Peter Hain writes: “Ah, Peter, return of the prodigal son!” Nelson Mandela beamed, welcoming me to his Johannesburg home in February 2000.

Although on an official government visit, in a sense I was also being welcomed to my “home” – to South Africa, the panoramic, sunshine country of my childhood, as the first-ever British minister for Africa to be born on that continent.

Almost to the day, 10 years before, many of us had watched, tears welling up, as he had walked to freedom after 27 years in prison. And a long time before that – in March 1966 – I was a teenager aboard an ocean liner steaming out of Cape Town, past Robben Island where Mandela and his fellow leaders of the African National Congress were jailed. My anti-apartheid activist parents had been forced to leave their beloved country and the “island from hell” disappeared in the stormy mist as we headed for exile in Britain.

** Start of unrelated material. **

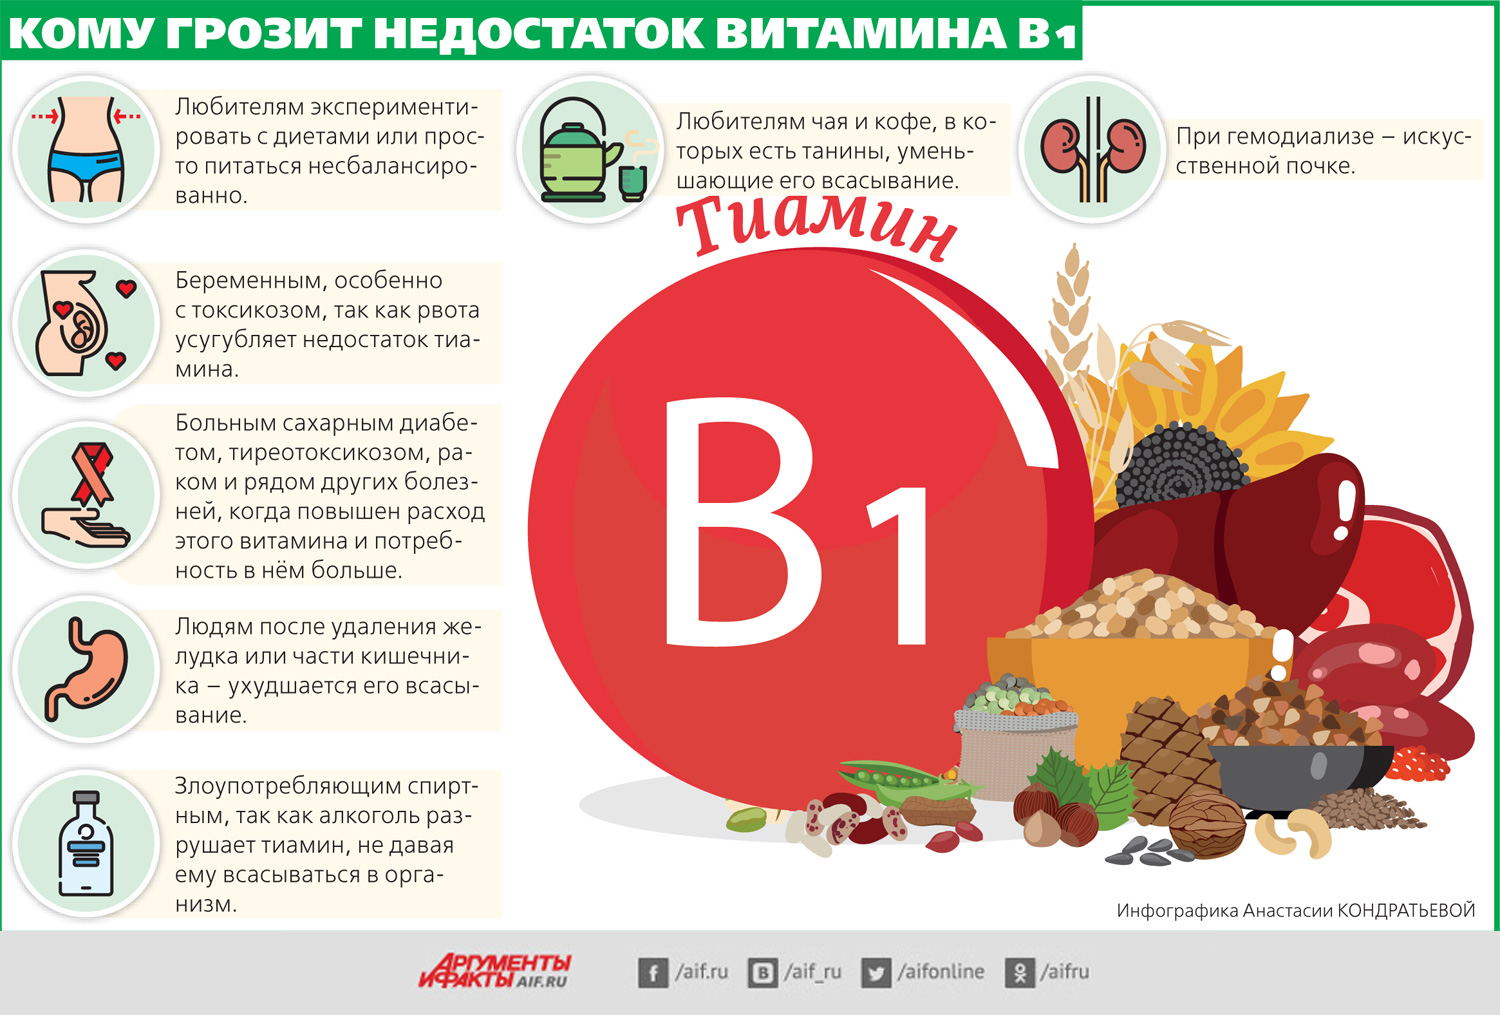 Б 6 для организма. Витамин в1 дефицит болезни. Недостаток витамина b1. Симптомы витамина b1. Признаки недостатка витамина b1.

People forget how tough it was then, how hard the struggle was to be for decades afterwards. The resistance had been closed down, leaders such as Mandela imprisoned, tortured, banned or forced underground.

Within a few years, Mandela had almost been forgotten. British diplomats dismissed the ANC and Mandela as a busted flush. The white racist police state seemed omnipotent.

But in Britain, the Anti-Apartheid Movement (AAM) had kept the flame of freedom flickering. Soon it was lit by our militant protests, which stopped white South African rugby and cricket tours in 1969-70. The country had been forced into global sporting isolation.

On Robben Island, brutal white warders, all fanatical rugby fans, vented their fury on Mandela and his comrades at the ostracism of the mighty Springboks, unwittingly communicating a morale-boosting message through the news blackout. [Continue reading…]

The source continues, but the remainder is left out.